### DATASET CONTENT
□ □ □ □

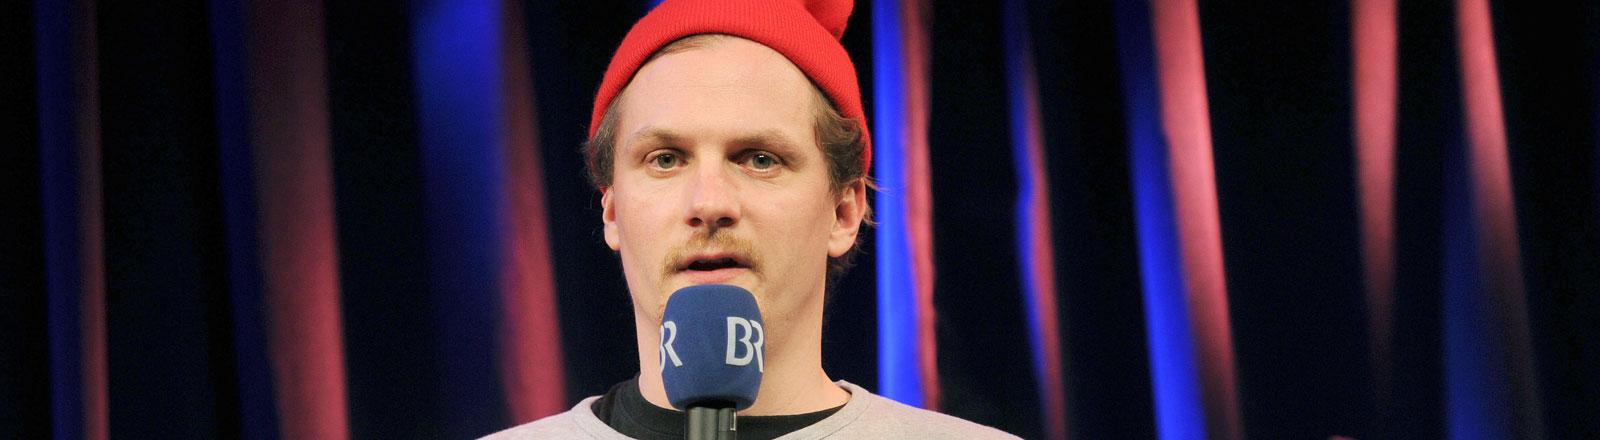 Comedian Vincent Pfäfflin
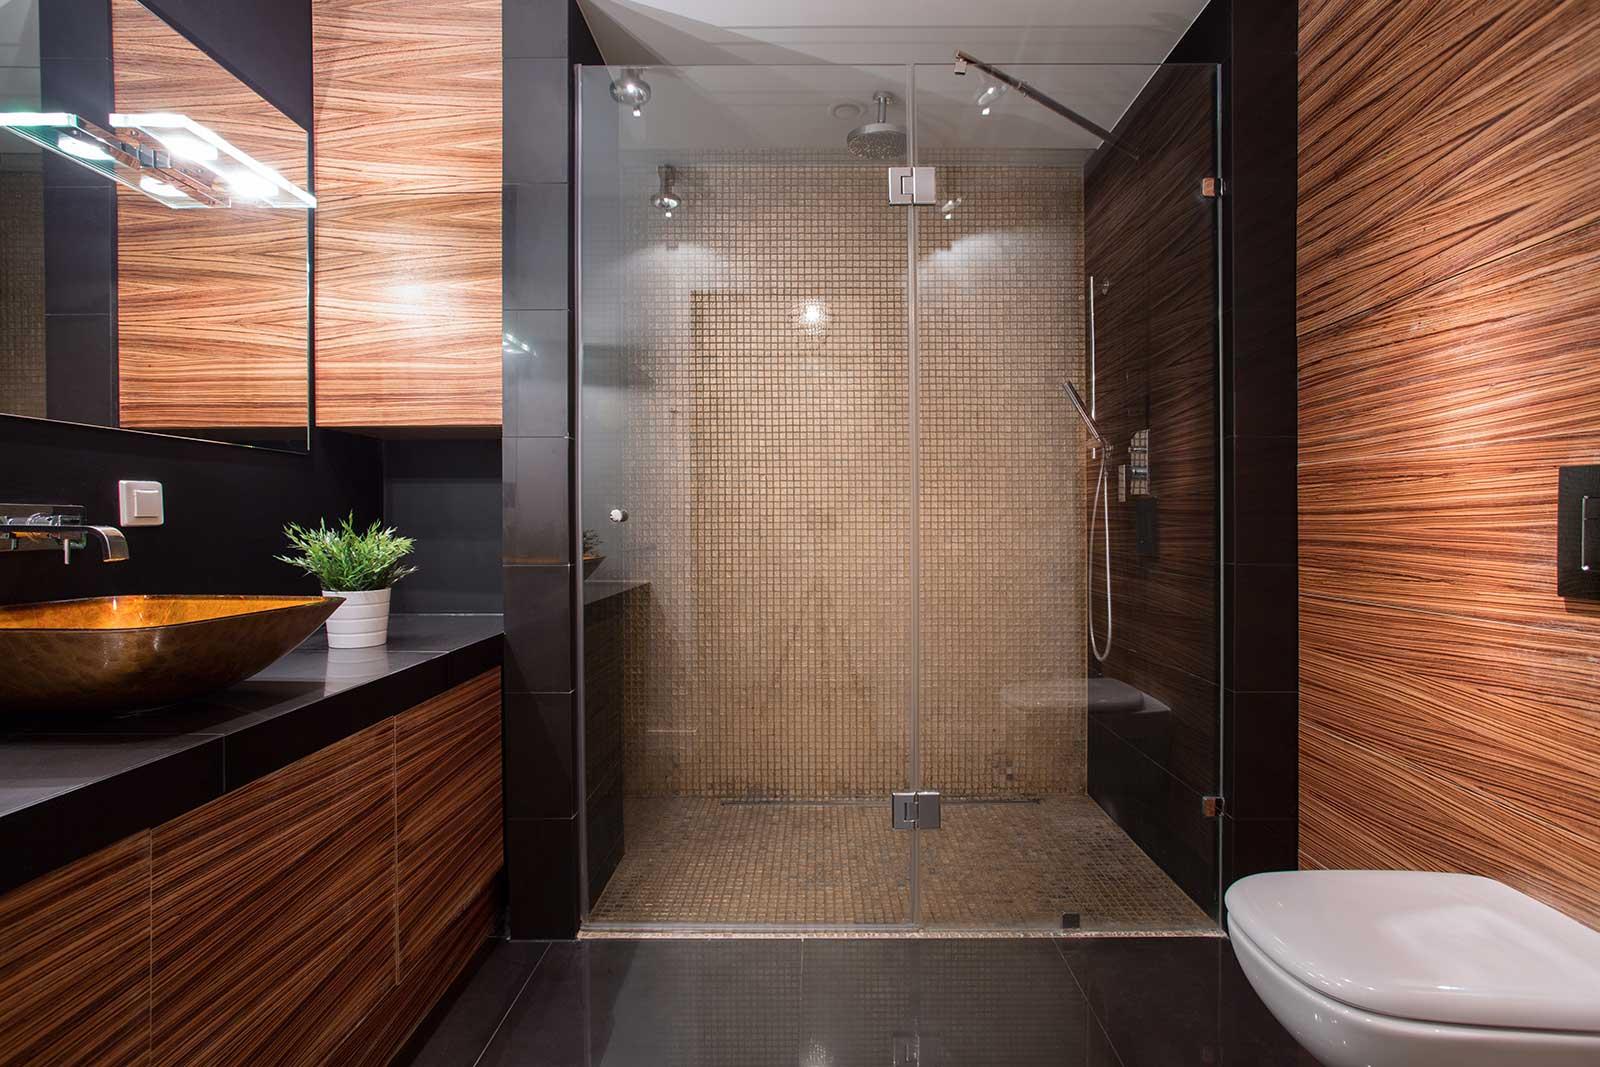 wet-room-installers-north-west-london-slider-4
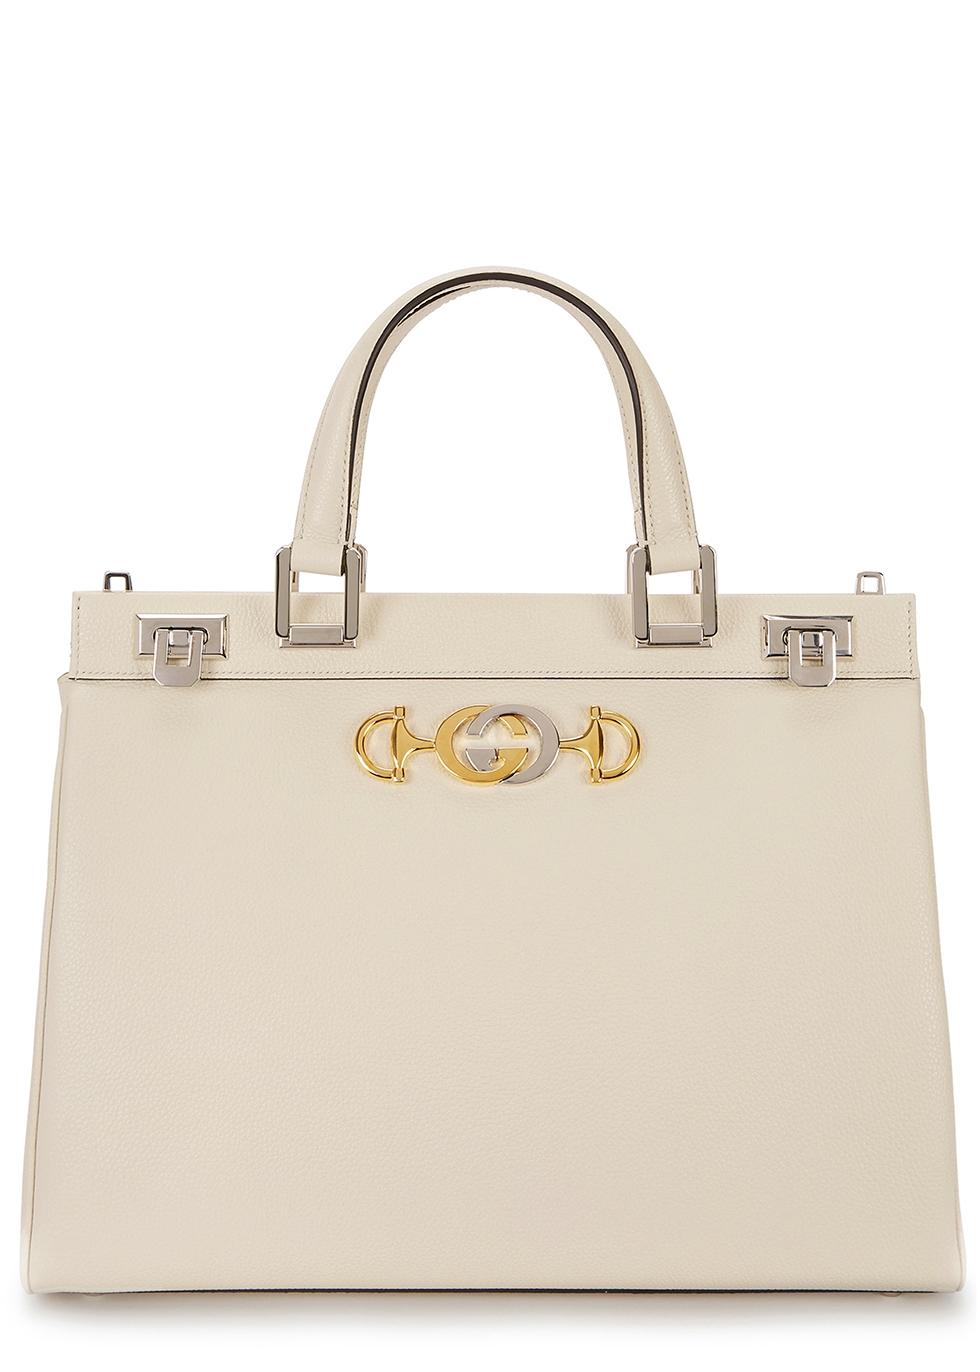 01f044943 Top handle bags - Harvey Nichols

□ □ □ □

Write out the material above once more, word for word. Images stay out.

### COMPLETED EXERCISE
 Comedian Vincent Pfäfflin
 wet-room-installers-north-west-london-slider-4
 01f044943 Top handle bags - Harvey Nichols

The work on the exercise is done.